Multicycle sorption enhanced steam methane reforming with different sorbent regeneration conditions: Experimental and modelling study

Replacing coal and oil with natural gas reduces greenhouse gas emissions without weakening economic development. Sorption enhanced steam methane reforming (SESMR) is an emerging process for an affordable transition towards cleaner energy systems, as it exploits natural gas coupled with in-situ CO2 capture to produce hydrogen. SESMR is performed on a steam reforming catalyst and a sorbent (cyclically regenerated by calcination) or, alternatively and more efficiently, on bi-functional Combined Sorbent-Catalyst Materials (CSCM). A double fluidized bed (reformer and oxyfuel combustor for calcination) with circulation of particulate material is anticipated for continuous SESMR at commercial scale.

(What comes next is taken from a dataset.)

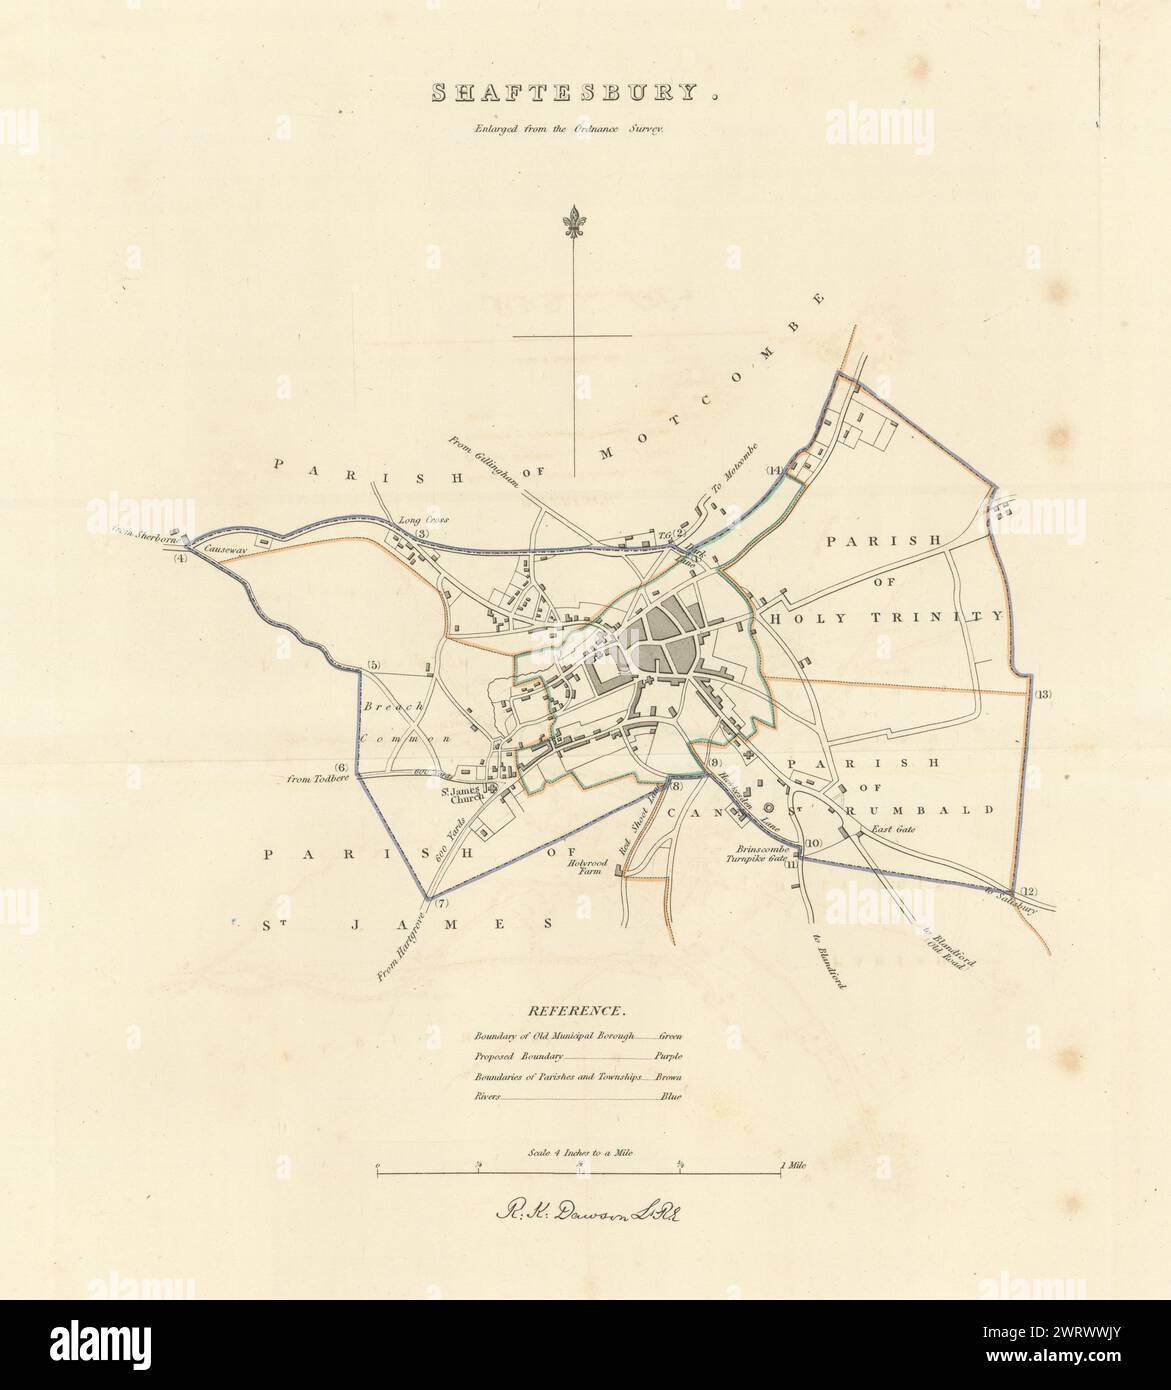 SHAFTESBURY Gemeinde/Stadt planen. Grenzkommission. Dorset. DAWSON 1837 Karte Stockfoto

In this work, a Ni-CaO-mayenite CSCM was investigated in multicycle experimental tests under mild (pure N-2, 850 degrees C) and severe (pure CO2, 925 degrees C) regeneration conditions, in thermogravimetric analysis for CO2-capture/regeneration and in an automated packed bed test rig for SESMR/calcination: the evolution of Ni and CaO functionalities as functions of cycle number was highlighted, also with the aid of scanning electron microscopy. Moreover, experimental results obtained with the hybrid material, collected under mild regeneration conditions, were used to simulate both CO2 sorption in TGA and packed bed SESMR multicycle tests: a Particle Grain Model (PGM) and an Axial Dispersion Plug Flow Reactor (ADPFR) model were integrated numerically, respectively. The same parameter values needed to characterize the material behaviour allowed a good fitting of both types of multicycle tests, thus demonstrating the possibility to use CO2-capture TGA data as a predictive tool for the CSCM performance in SESMR, provided that the catalytic activity is preserved.